Every entry below should be transcribed exactly; pictures stay out of the copy.

# [Entries provided]
- - -

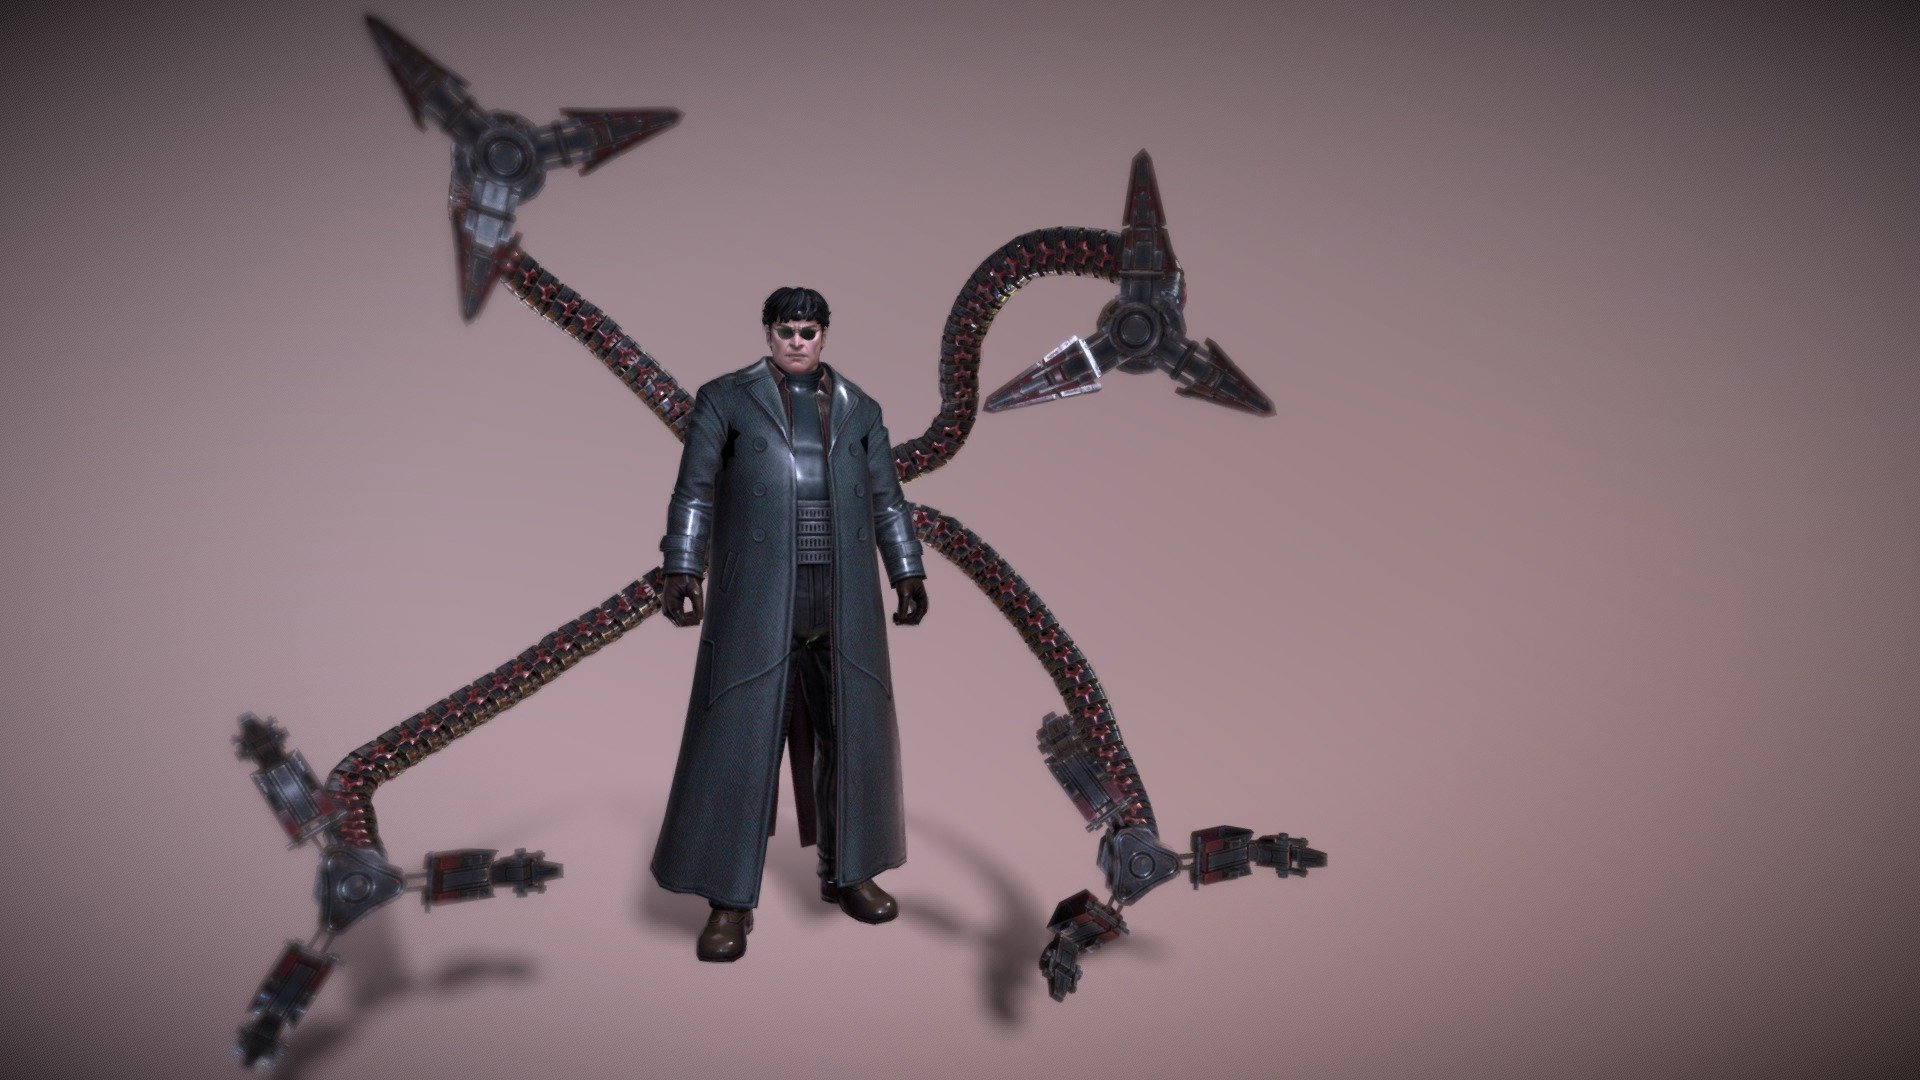 About the model
Doctor Octopus is available for download for your game development, concept art, 3D Rendering, Archviz work.


Follow me my social media




Youtube (PvZ Channel, Spanish): https://www.youtube.com/@Kabiidev




Youtube (Game Modding and DevBlogs, English): https://www.youtube.com/@SpiderwareMods




Twitter: https://www.twitter.com/Kabiidev




Other Social Media: https://beacons.ai/kabiidev




Add me as friend by discord: kabiidev




About me
Hi, I am Kabiidev, Indie Game Developer, 3D/2D artist and Game Modder. On my Sketchfab page, I upload amazing models for your projects, give me credit if it is possible.


If you like this 3D Model, I hope that you like this others uploaded by me
Electro (NWH): https://skfb.ly/oM8Gy

Spider-man (NWH): https://skfb.ly/oNoEq 

Mysterio (FFH): https://skfb.ly/oKsM8

Vulture (HC): https://skfb.ly/oMrN6 - Spider-man (NWH) - Doctor Octopus - Download Free 3D model by Kabiidev 3d model

- - -

# [Result of the task]
 About the model
Doctor Octopus is available for download for your game development, concept art, 3D Rendering, Archviz work.


Follow me my social media




Youtube (PvZ Channel, Spanish): https://www.youtube.com/@Kabiidev




Youtube (Game Modding and DevBlogs, English): https://www.youtube.com/@SpiderwareMods




Twitter: https://www.twitter.com/Kabiidev




Other Social Media: https://beacons.ai/kabiidev




Add me as friend by discord: kabiidev




About me
Hi, I am Kabiidev, Indie Game Developer, 3D/2D artist and Game Modder. On my Sketchfab page, I upload amazing models for your projects, give me credit if it is possible.


If you like this 3D Model, I hope that you like this others uploaded by me
Electro (NWH): https://skfb.ly/oM8Gy

Spider-man (NWH): https://skfb.ly/oNoEq 

Mysterio (FFH): https://skfb.ly/oKsM8

Vulture (HC): https://skfb.ly/oMrN6 - Spider-man (NWH) - Doctor Octopus - Download Free 3D model by Kabiidev 3d model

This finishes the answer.